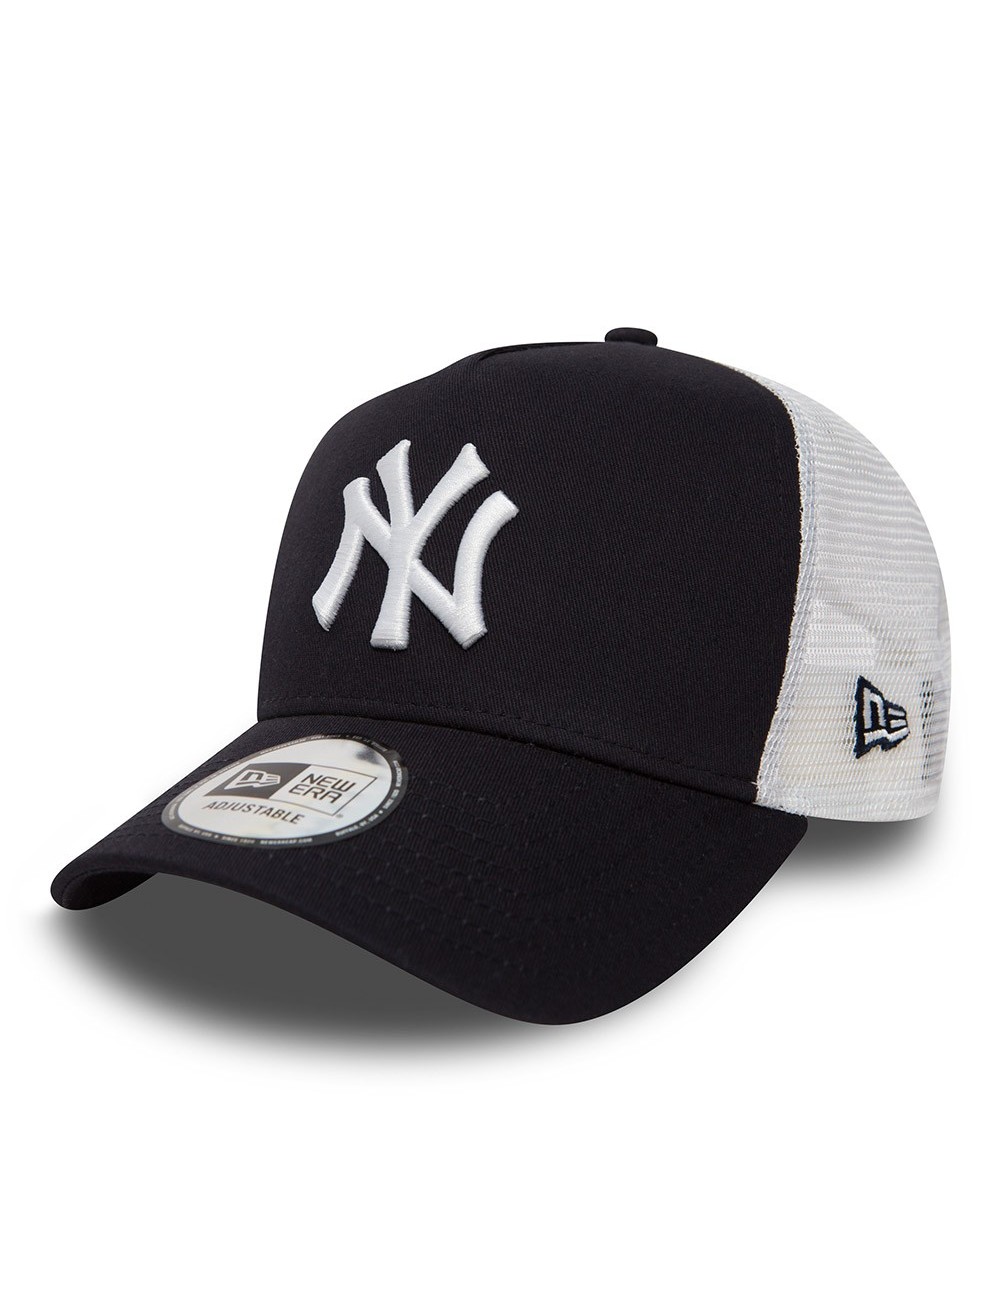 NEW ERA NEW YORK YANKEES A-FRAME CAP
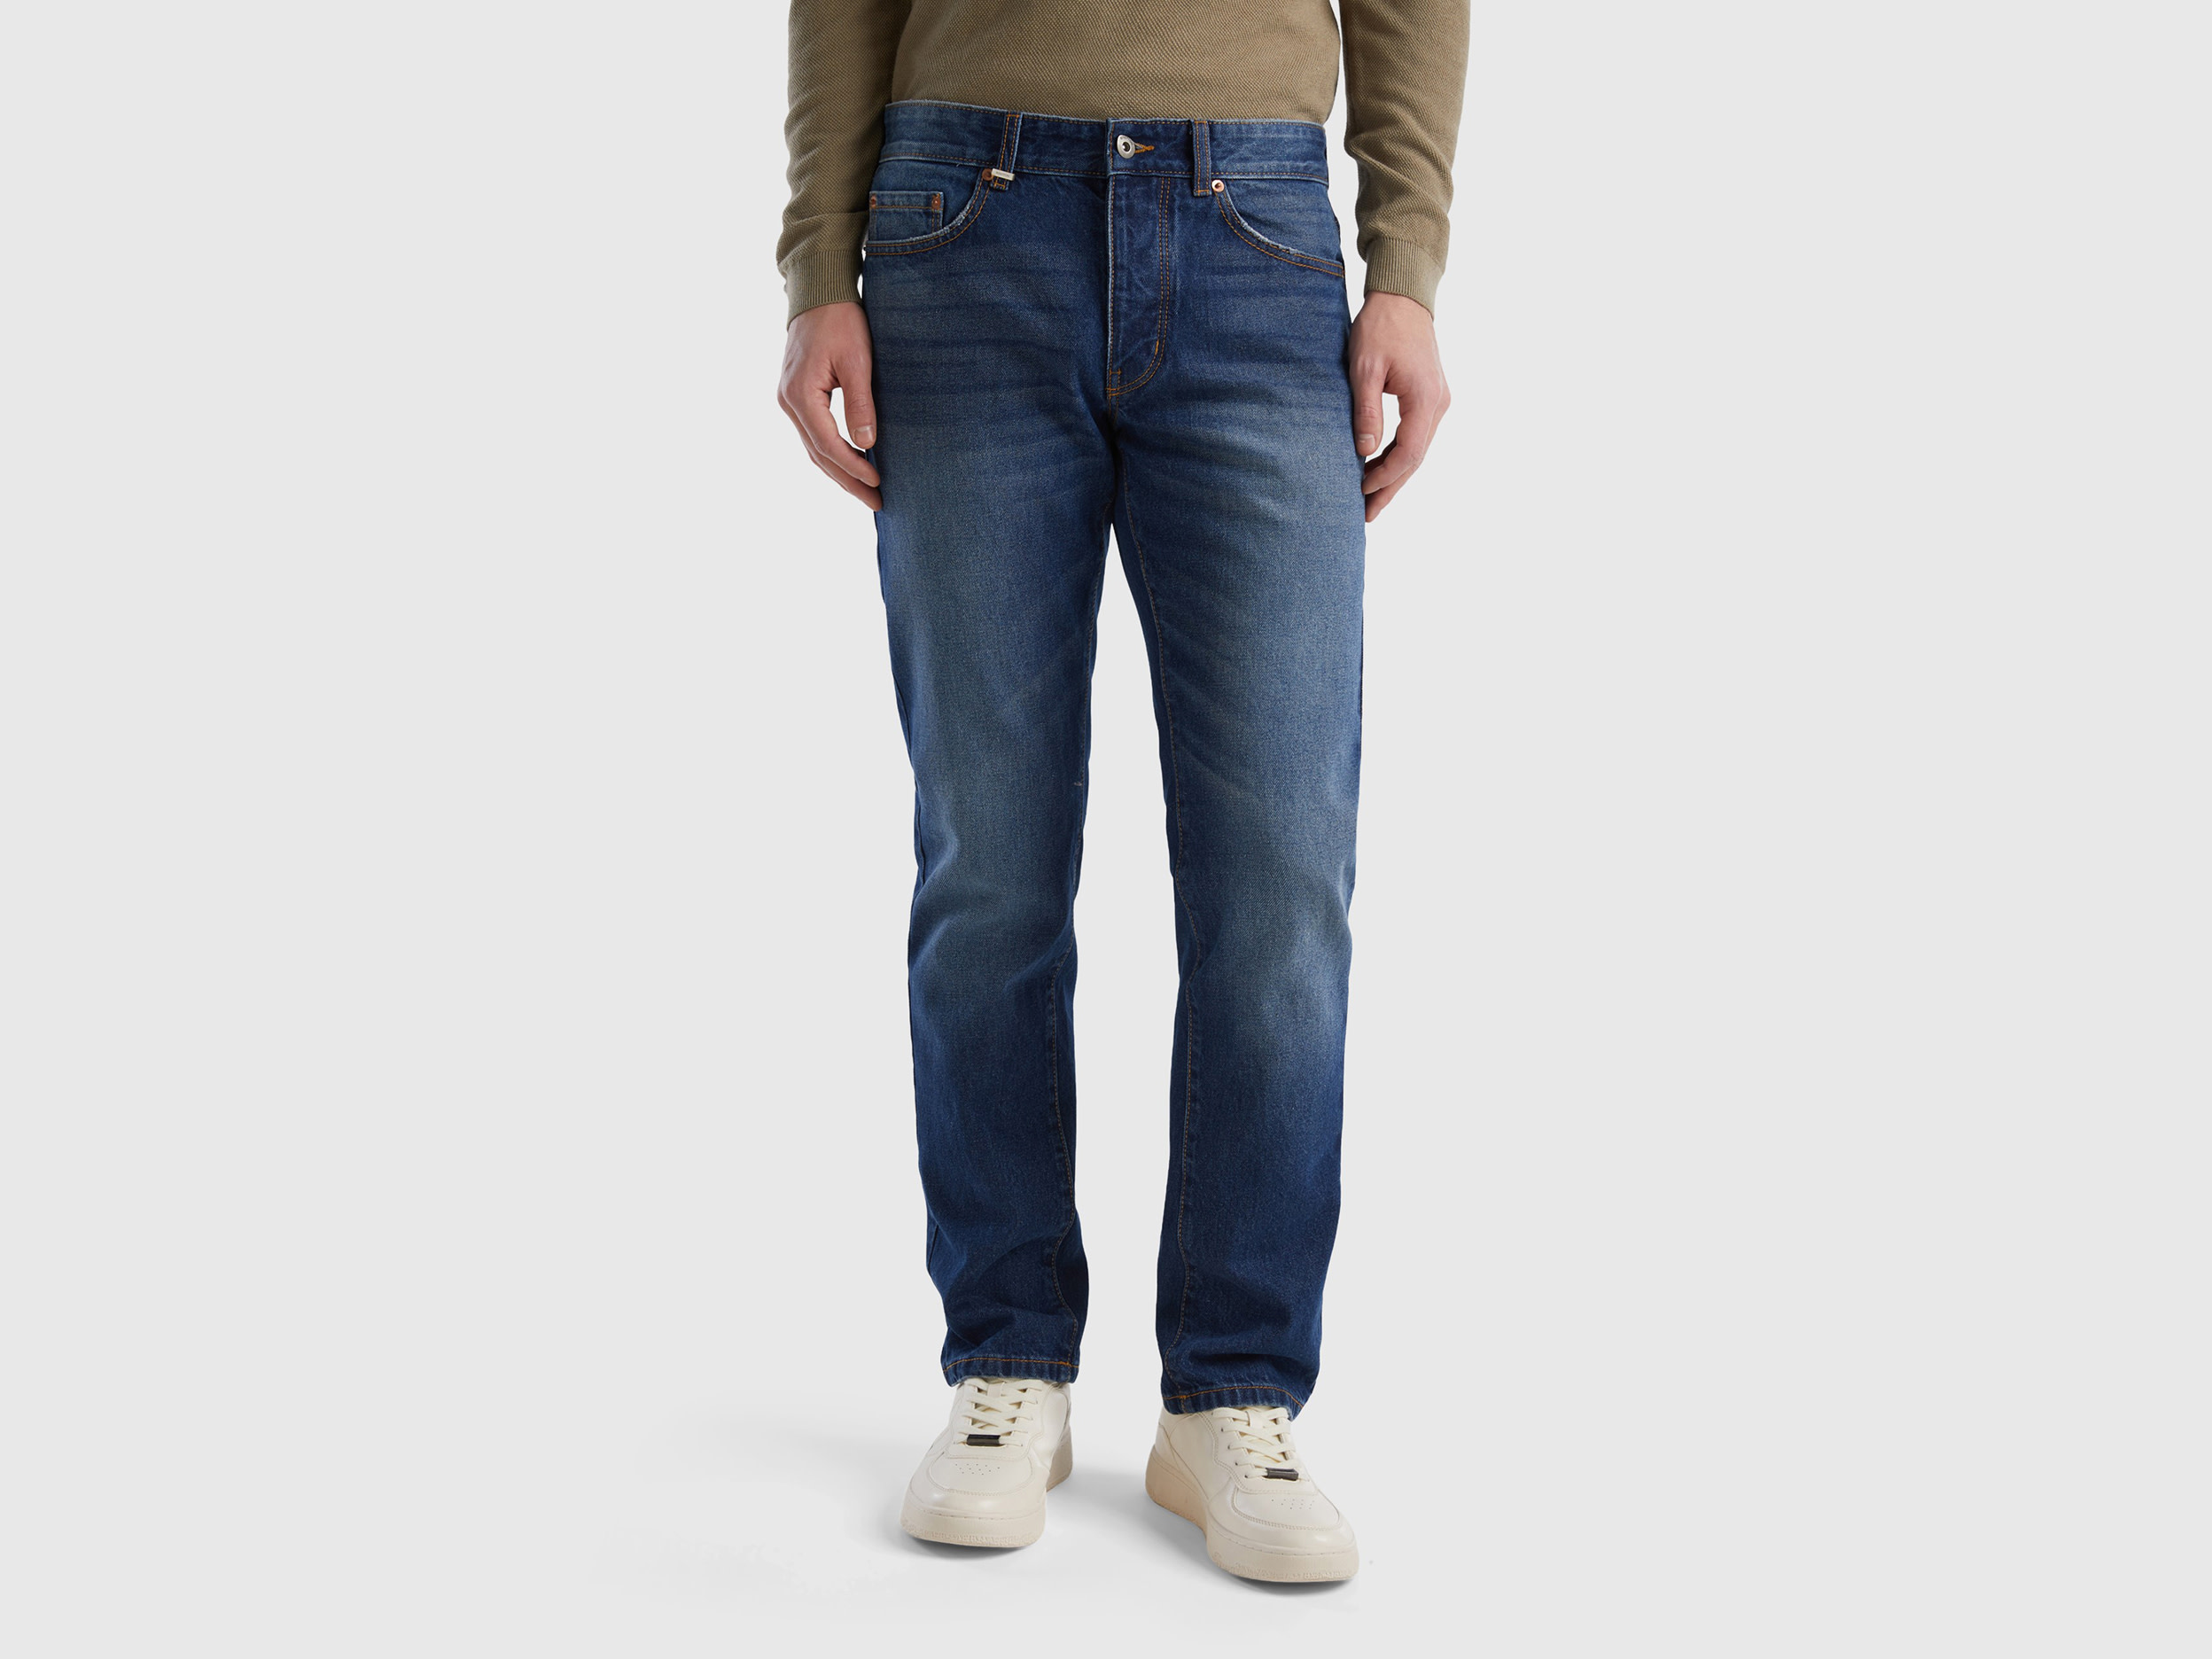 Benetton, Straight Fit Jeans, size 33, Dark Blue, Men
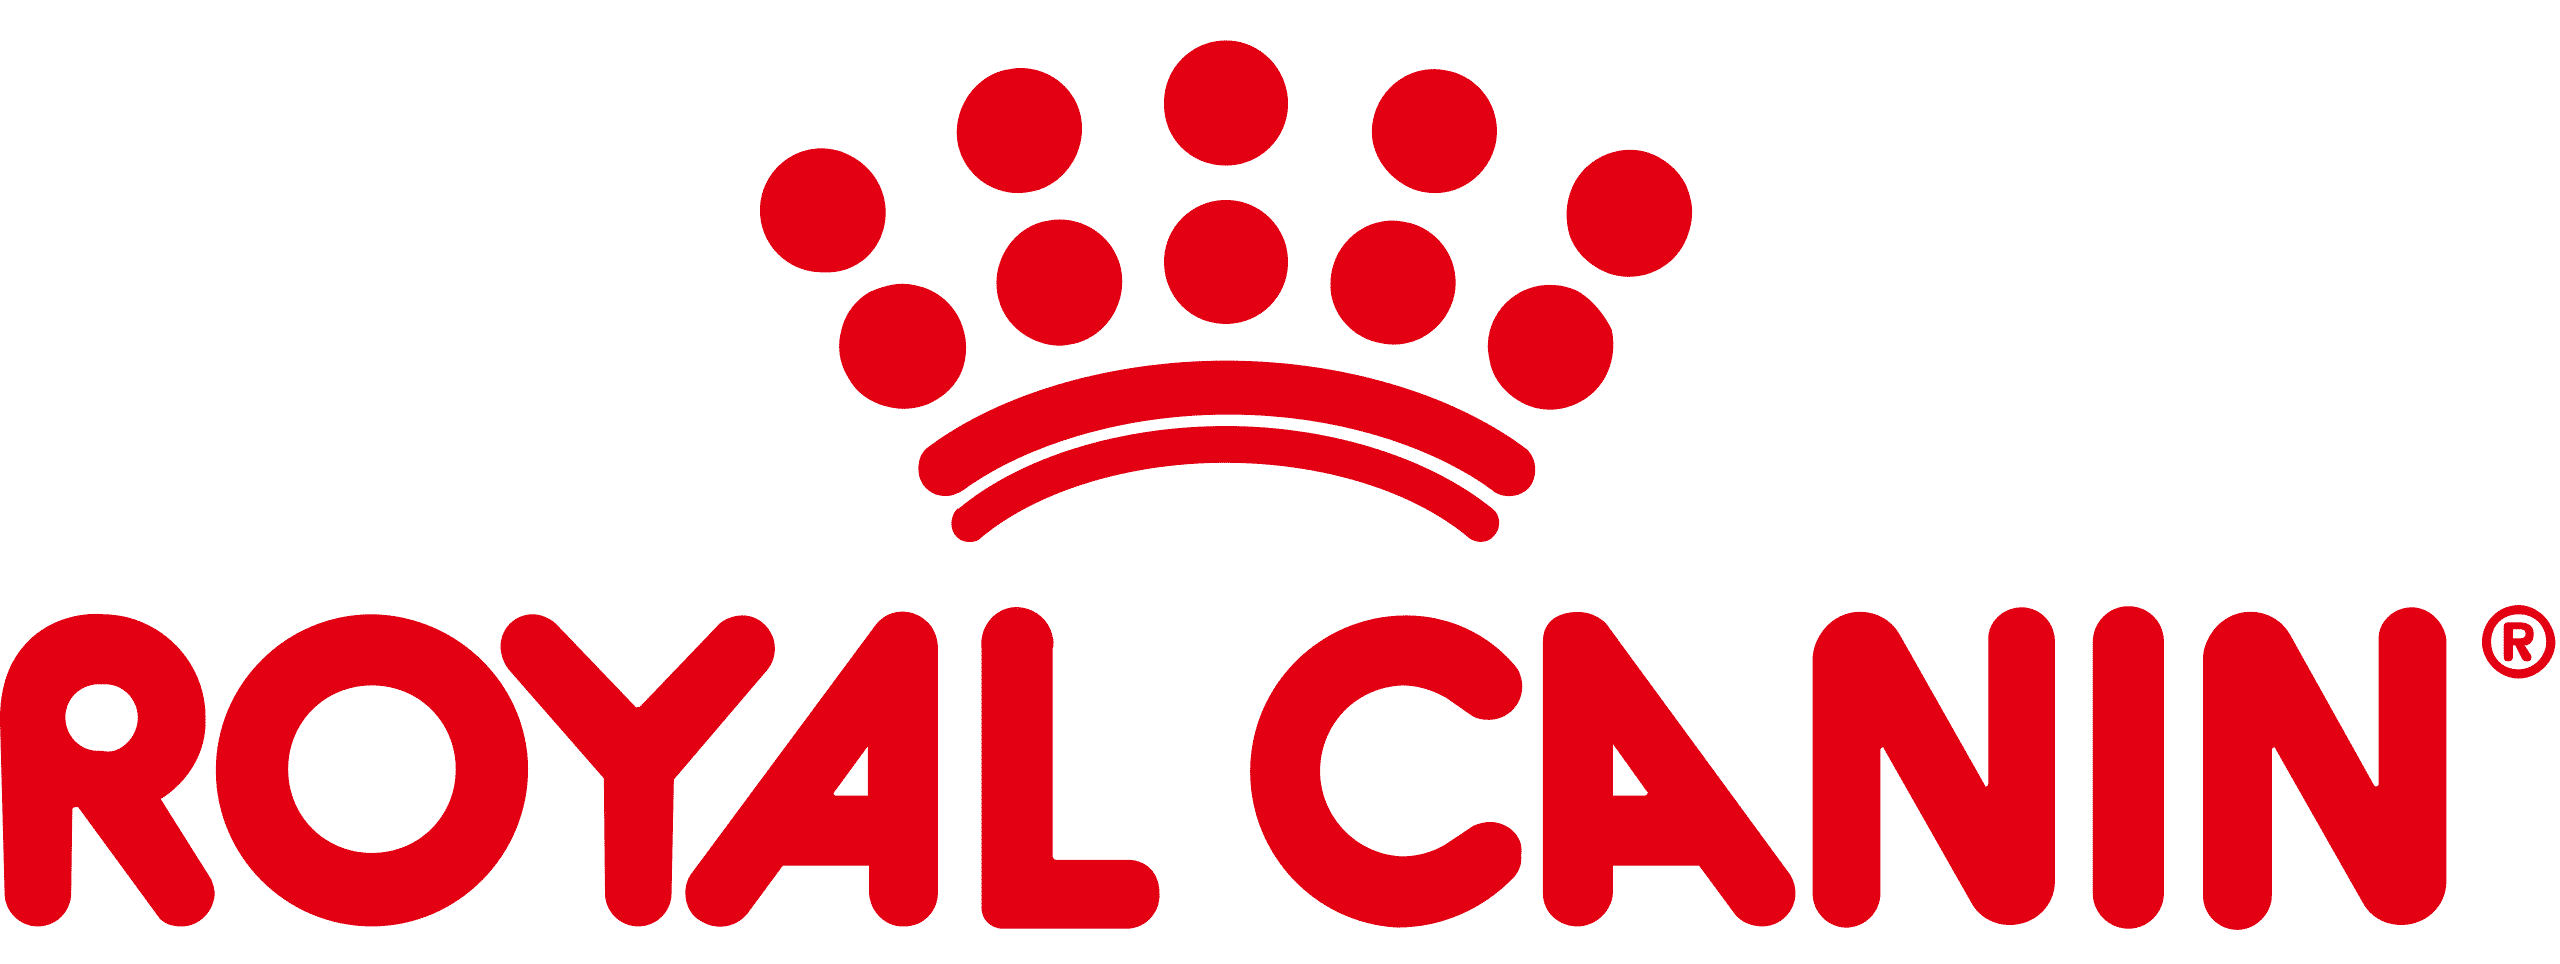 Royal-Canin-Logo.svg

====

▶ _Task objective_: Pictures are not part of the copy. Reproduce the lines from the one with "Benetton, Straight Fit" through the end of the listing above.

▶ _Solution to this problem_:
 Benetton, Straight Fit Jeans, size 33, Dark Blue, Men
 Royal-Canin-Logo.svg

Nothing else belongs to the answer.